Top of THE DATA
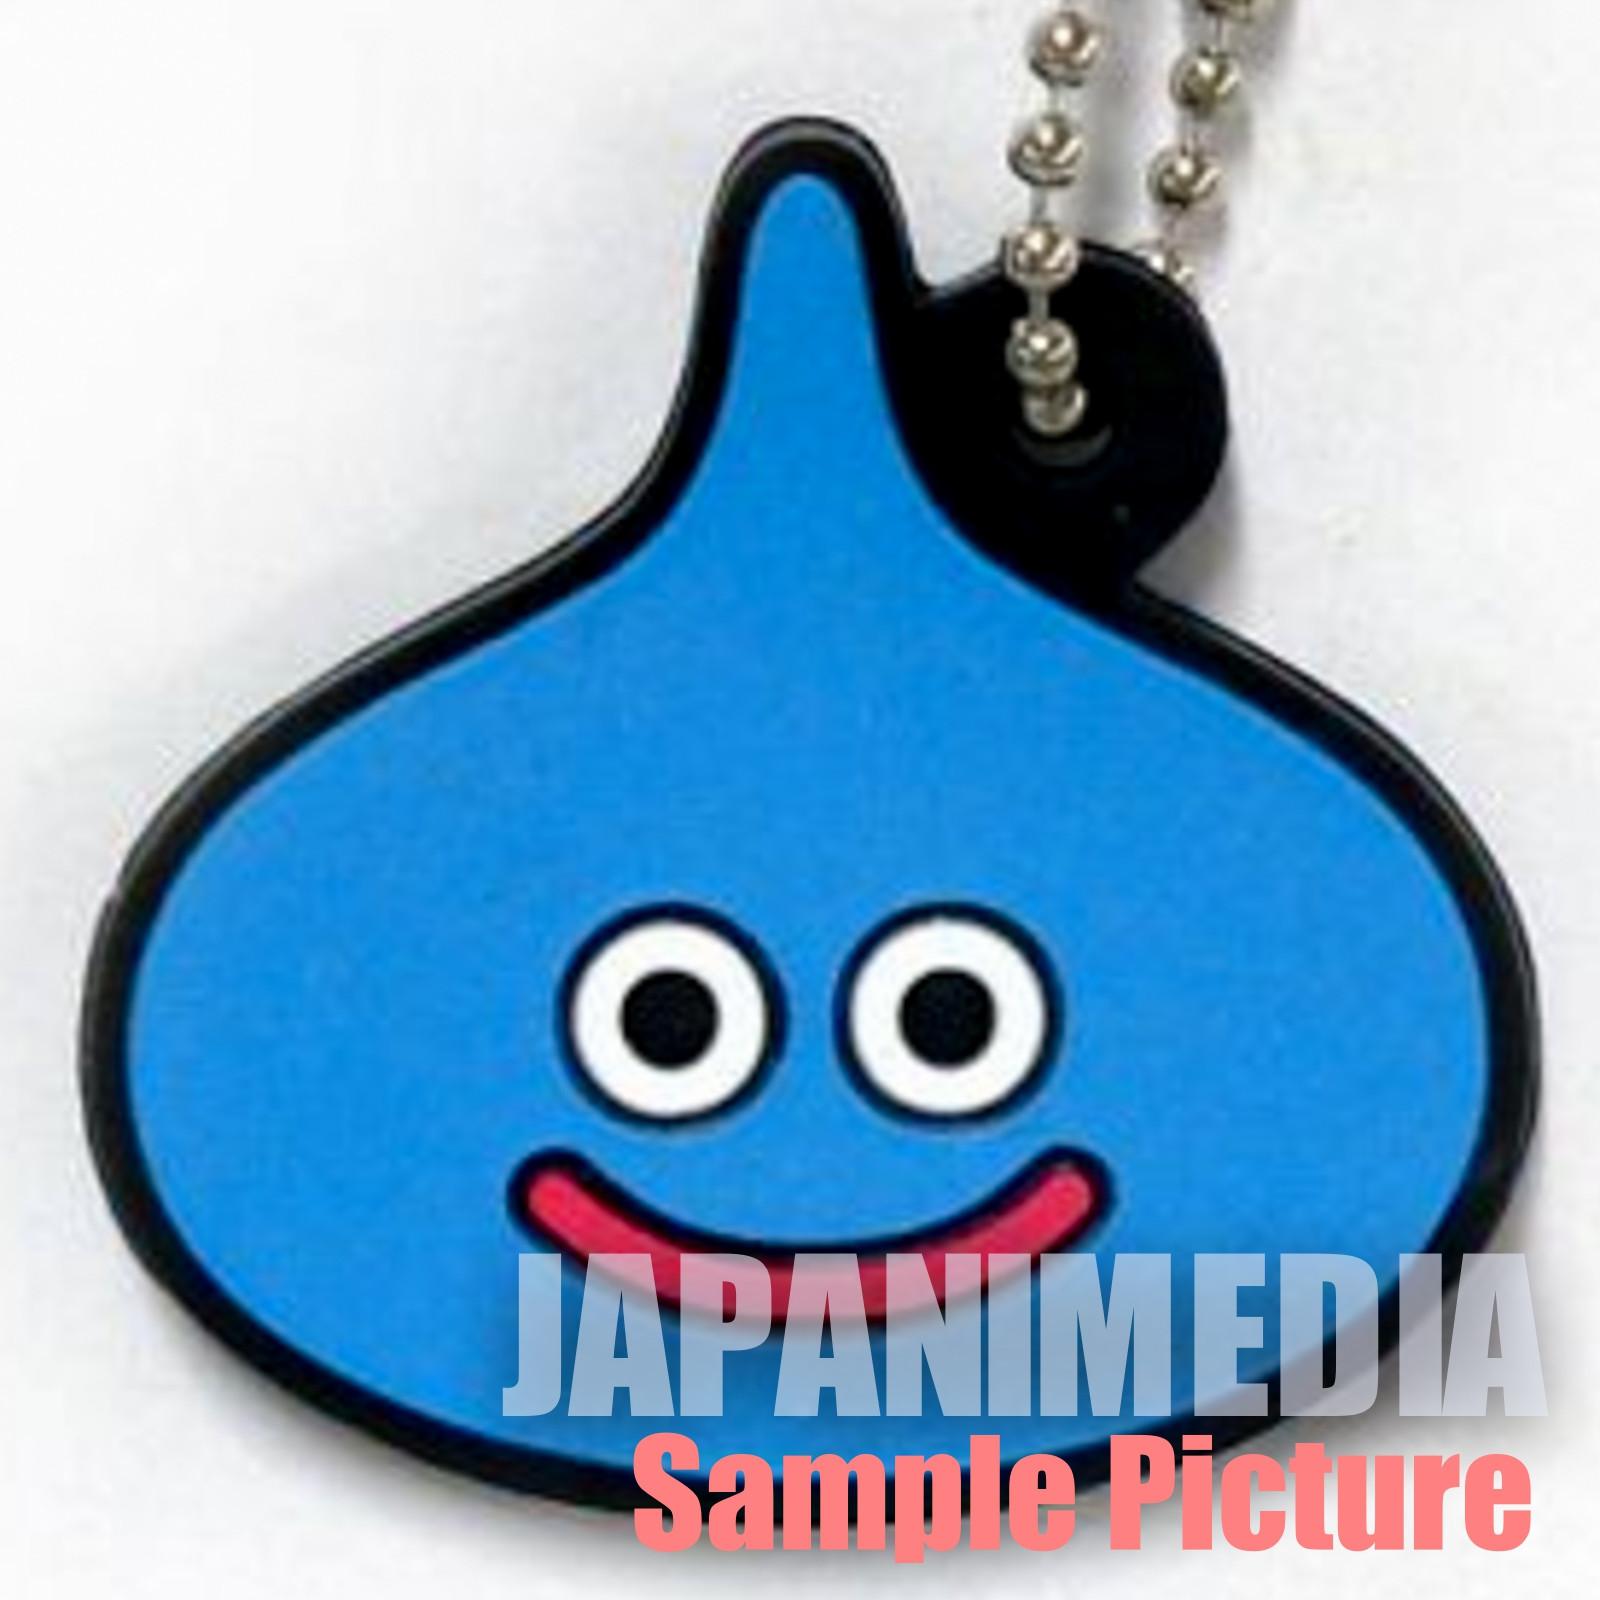 Dragon Quest Monster Rubber Mascot Ballchain Slime JAPAN GAME WARRIOR
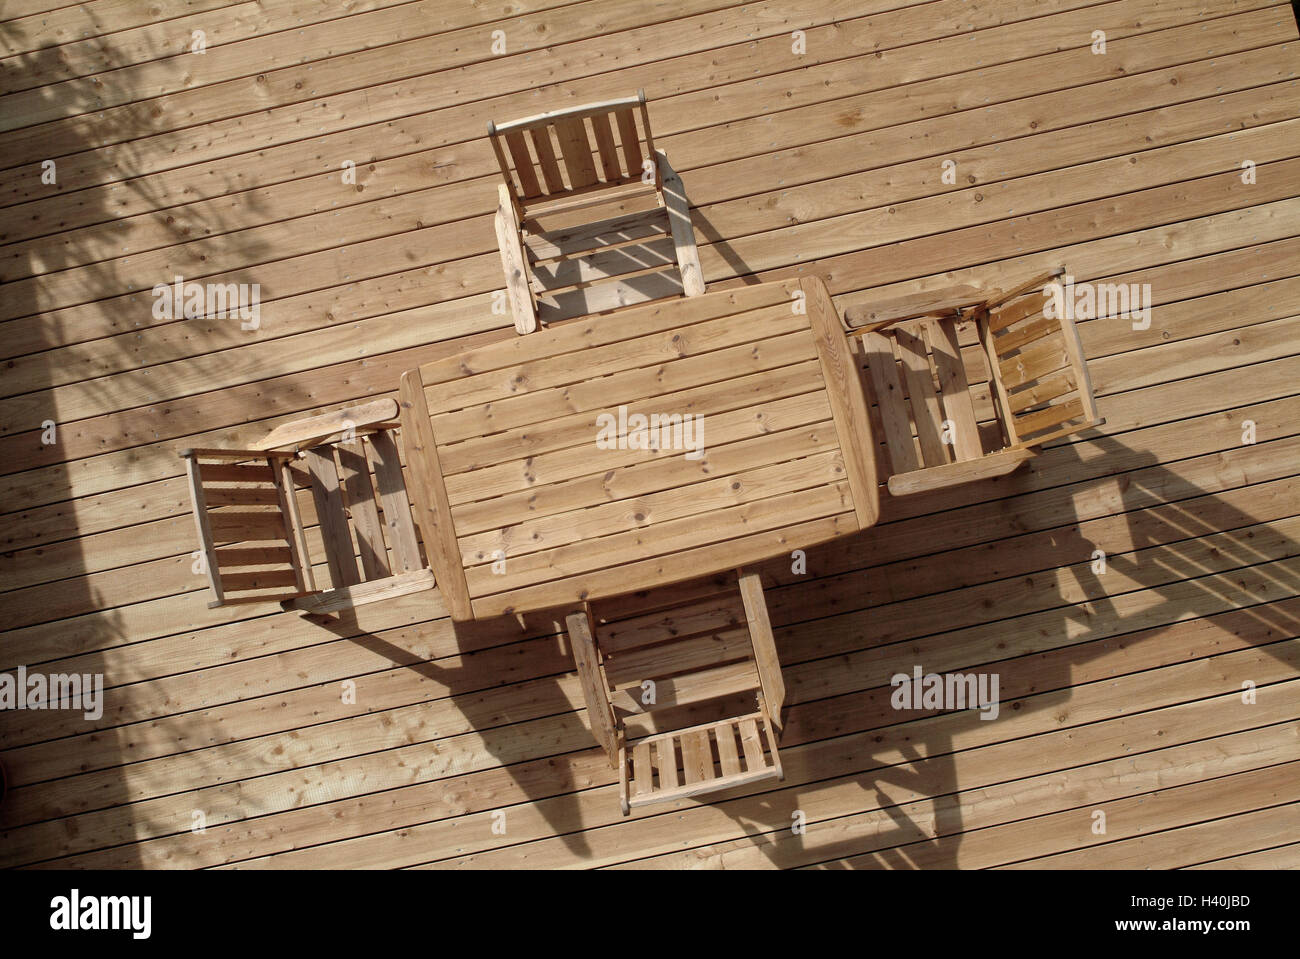 terrasse, holzboden, tisch, stühlen, von oben beplankung boden
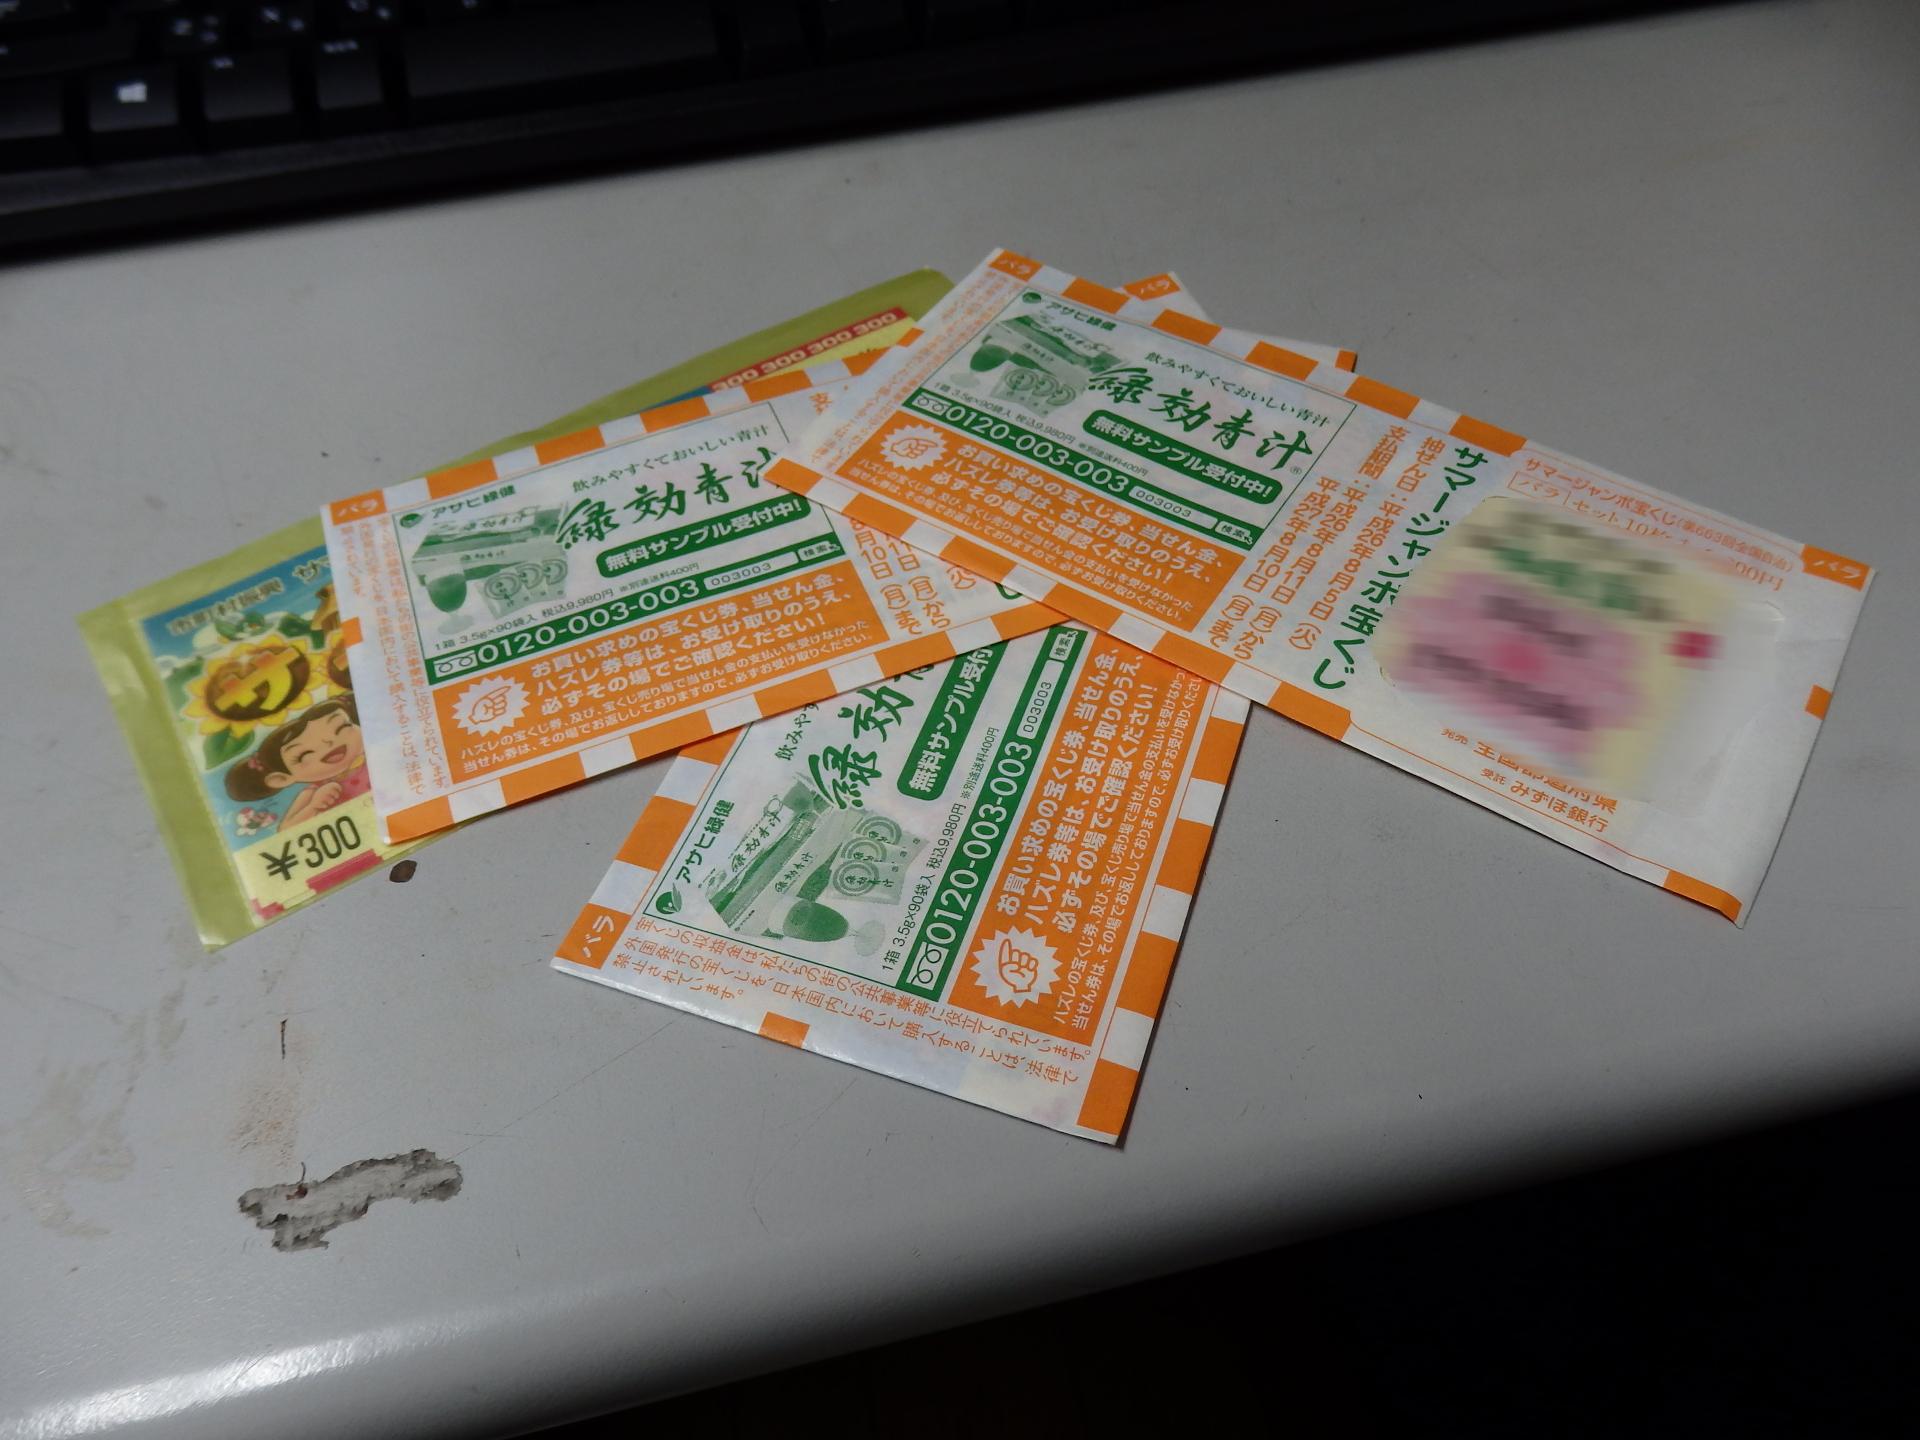 サマージャンボ6億円宝くじです。
Bottom of THE DATA
| WHAT THE EXERCISE ASKS |
Take the line with "terrasse, holzboden, tisch, stühlen, von" and every line after it through the end of the data, and write only them out exactly, leaving out the pictures.

| ANSWER BOX |
 terrasse, holzboden, tisch, stühlen, von oben beplankung boden
 サマージャンボ6億円宝くじです。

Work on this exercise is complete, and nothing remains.